ベストセラーの定番のなかに「ご長寿女性によるエッセイ」というジャンルがある。著者はいまもその道の現役で、しかも一人で生きてきたという人が多い。
 60代、70代の男がしたり顔で人生を語ったりすると、了見の狭いぼくは思わず反発してしまうのだが、こうした本の言葉は素直に聞ける。困難な時代を生き抜いてきた人だからこそ語れる重みがあるからだ。
 篠田桃紅『一〇三歳になってわかったこと』もそうした一冊。
 篠田桃紅は美術家で、墨による抽象的な絵画を描いてきた。伝統的な書とも欧米の抽象表現主義とも違う独特な造形だ。内外の美術館や公共施設でコレクションされている。
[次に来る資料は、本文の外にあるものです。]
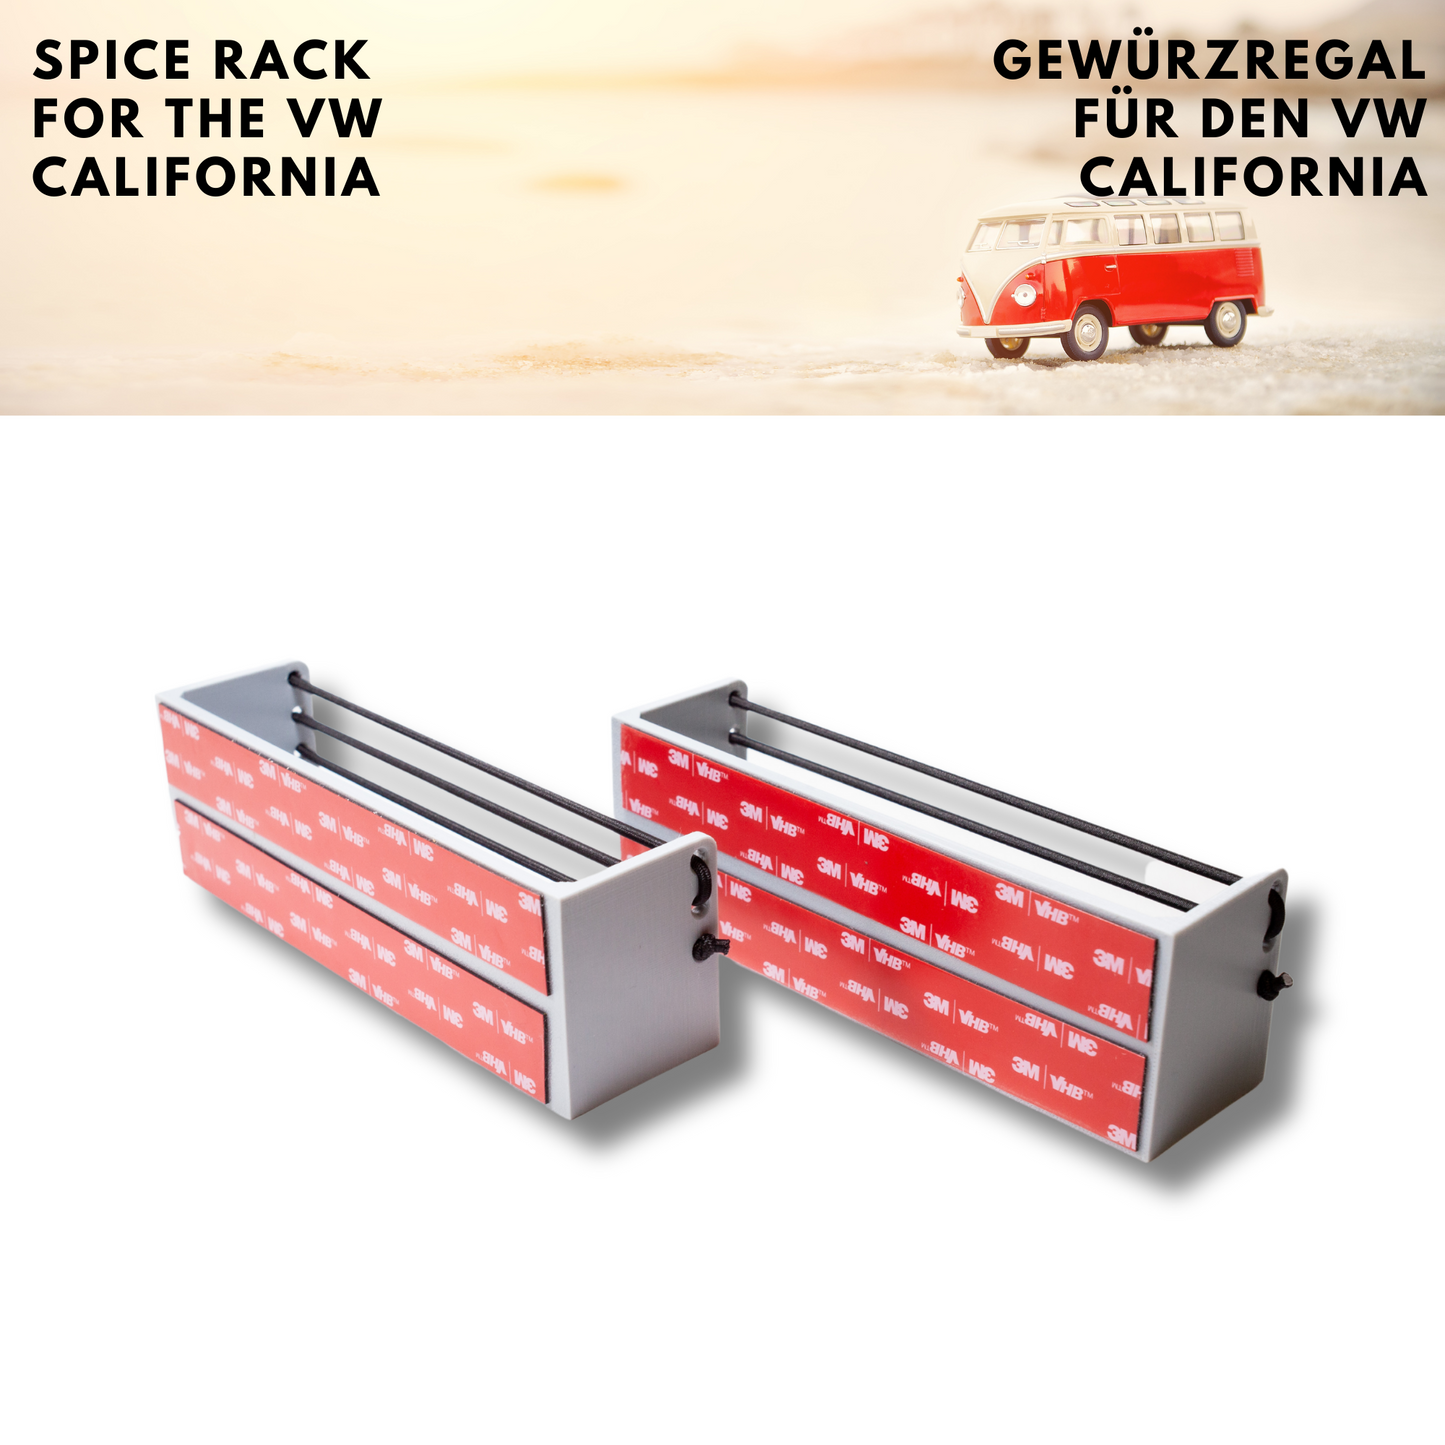 VW California T6.1 spice rack to stick on the existing shelf in the blackout of the small window

 篠田桃紅は1913(大正2)年生まれで、数え103歳になった。帯のポートレートがいい。着物をゆったりと楽に着ている。最近の着付けはピシッと張りつめたようにするのがトレンドだけど、彼女のようなベテランの着方を見ると勉強になる。
 感心する言葉がたくさん詰まっている。たとえば、歳をとるほど自由になるという話。
 歳をとれば身体が衰え、行動範囲も限られてくる。歳をとるとは不自由になることじゃないかと思っていたのだが、篠田は逆だという。「この歳になると、誰とも対立することはありませんし、誰も私とは対立したくない。百歳はこの世の治外法権です」と。冠婚葬祭を欠かしても非難されることはない。憂き世の義理から自由になるのだ。
 寂しい、孤独が怖い、という人も多い。でも彼女はそう考えない。孤独はあたりまえで、「一人の時間は特別なことではなく、わびしいことでもありません」「人に対して、過度な期待も愛情も憎しみも持ちません」という。24歳で実家を出て以来、ずっと一人で生きてきたからこその言葉だ。
 一人で暮らすお年寄りを、世間は「かわいそう」といったりする。実は篠田桃紅のような人も多いのかもしれない。